Apple shares dipped below $400 for the first time since April on Monday as a glut of unsold iPhones prompted Jefferies & Co. to lower its target price, and Global Equities Research said low morale is causing employee departures.

Apple (Nasdaq: AAPL), the world’s most valuable technology company, fell 2.7 percent to $402.54 at the close in New York, after earlier dropping as low as $398.05. The shares have declined 24 percent this year, compared with a 10 percent gain in the Standard & Poor’s 500 Index.

The stock has retreated 43 percent from a record high in September amid concern that Chief Executive Officer Tim Cook has taken too long to deliver a new breakthrough product to help make up for stiffer iPhone competition. Retailers and wireless carriers have twice the normal levels of iPhone inventory, indicating that Apple is selling fewer handsets than expected, said Peter Misek, an analyst at Jefferies.

Trip Chowdhry, an analyst at Global Equities, also said morale is low and more Apple workers are seeking jobs at companies such as Google Inc. and Facebook Inc.

Apple is “a whipping boy of Wall Street right now,” Laszlo Birinyi Jr., the founder of Birinyi Associates Inc., said in an interview with Bloomberg Television last week.

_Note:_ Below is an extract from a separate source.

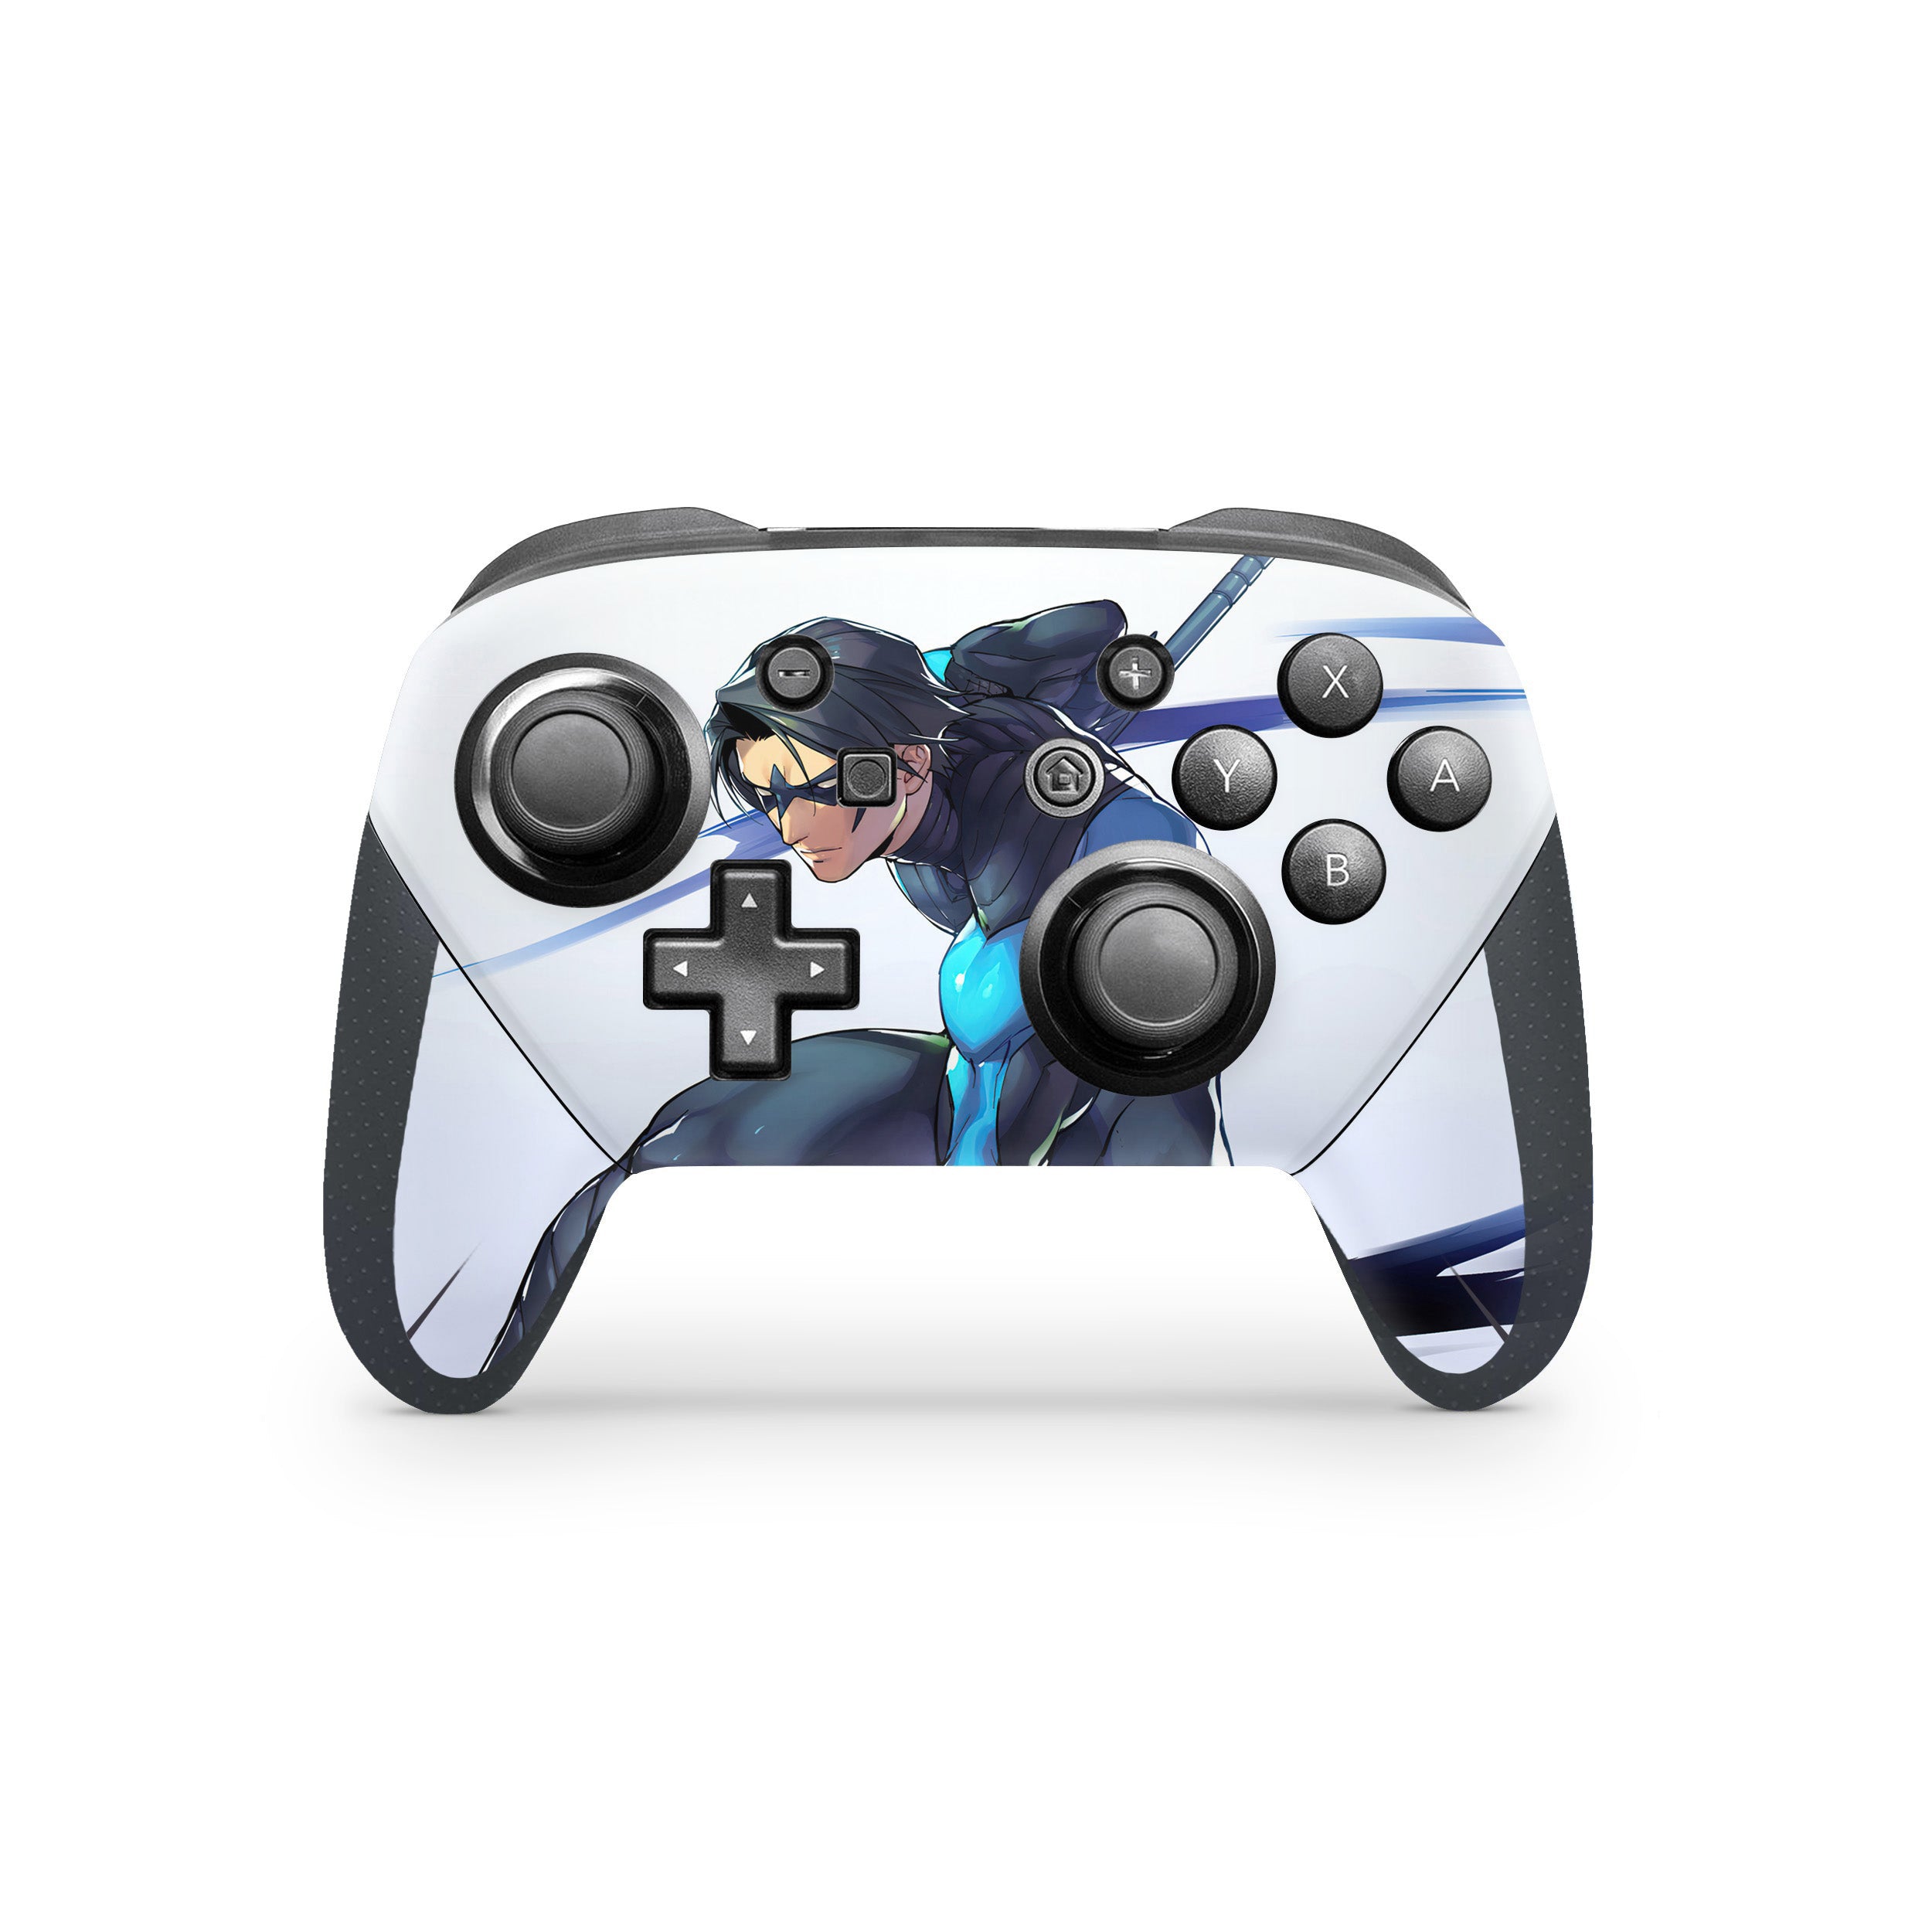 A video game skin featuring a DC Comics Nightwing design for the Switch Pro Controller.

In the second half of this year, Apple will build a maximum of 85 million iPhones, Misek wrote in a research report, less than his prior estimate for 110 million units. He rates the shares a hold and cut his target price to $405 from $420.

Google’s Gains

The stock slump is being felt by employees, Chowdhry said. Google’s shares, by contrast, have gained 23 percent this year.
“Recruiters are seeing more and more employees from Apple applying for jobs at Google, LinkedIn, Facebook and even Hewlett-Packard,” Chowdhry wrote in a research report.

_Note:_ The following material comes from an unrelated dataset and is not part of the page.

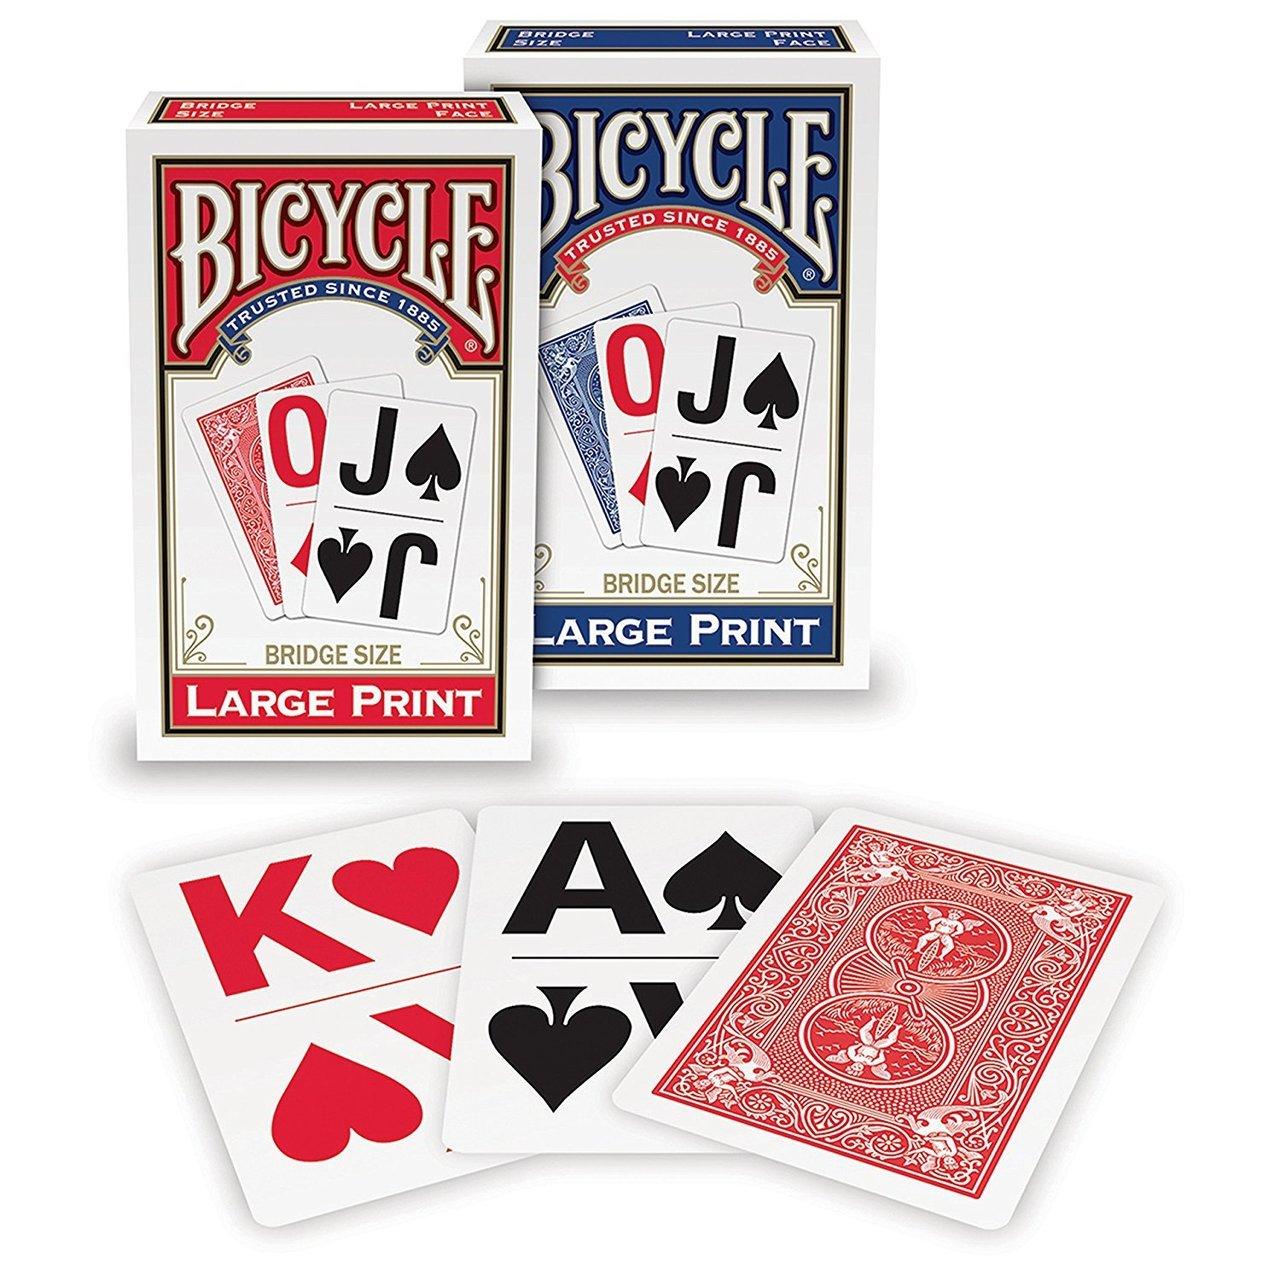 Large Print Bridge Size Playing Cards (Color may vary) - The Low Vision Store

Steve Dowling, a spokesman at Apple, declined to comment.

As of last week, Cook’s pay will be determined partially by Apple’s stock. In a change to his pay package, Apple’s board said on June 21 that about a third of the 1 million shares Cook was awarded when he succeeded Apple co-founder Steve Jobs in 2011 will now be determined by how the stock performs compared with other companies in the Standard & Poor’s 500 Index.

Other than a new MacBook Air laptop, Apple hasn’t had a new product go on sale since last year, leaving investors and customers awaiting the release of a new iPhone and iPad, which may arrive later this year. Apple’s profit fell for the first time in a decade in the most recent quarter, and analysts predict the slump will continue in the current period.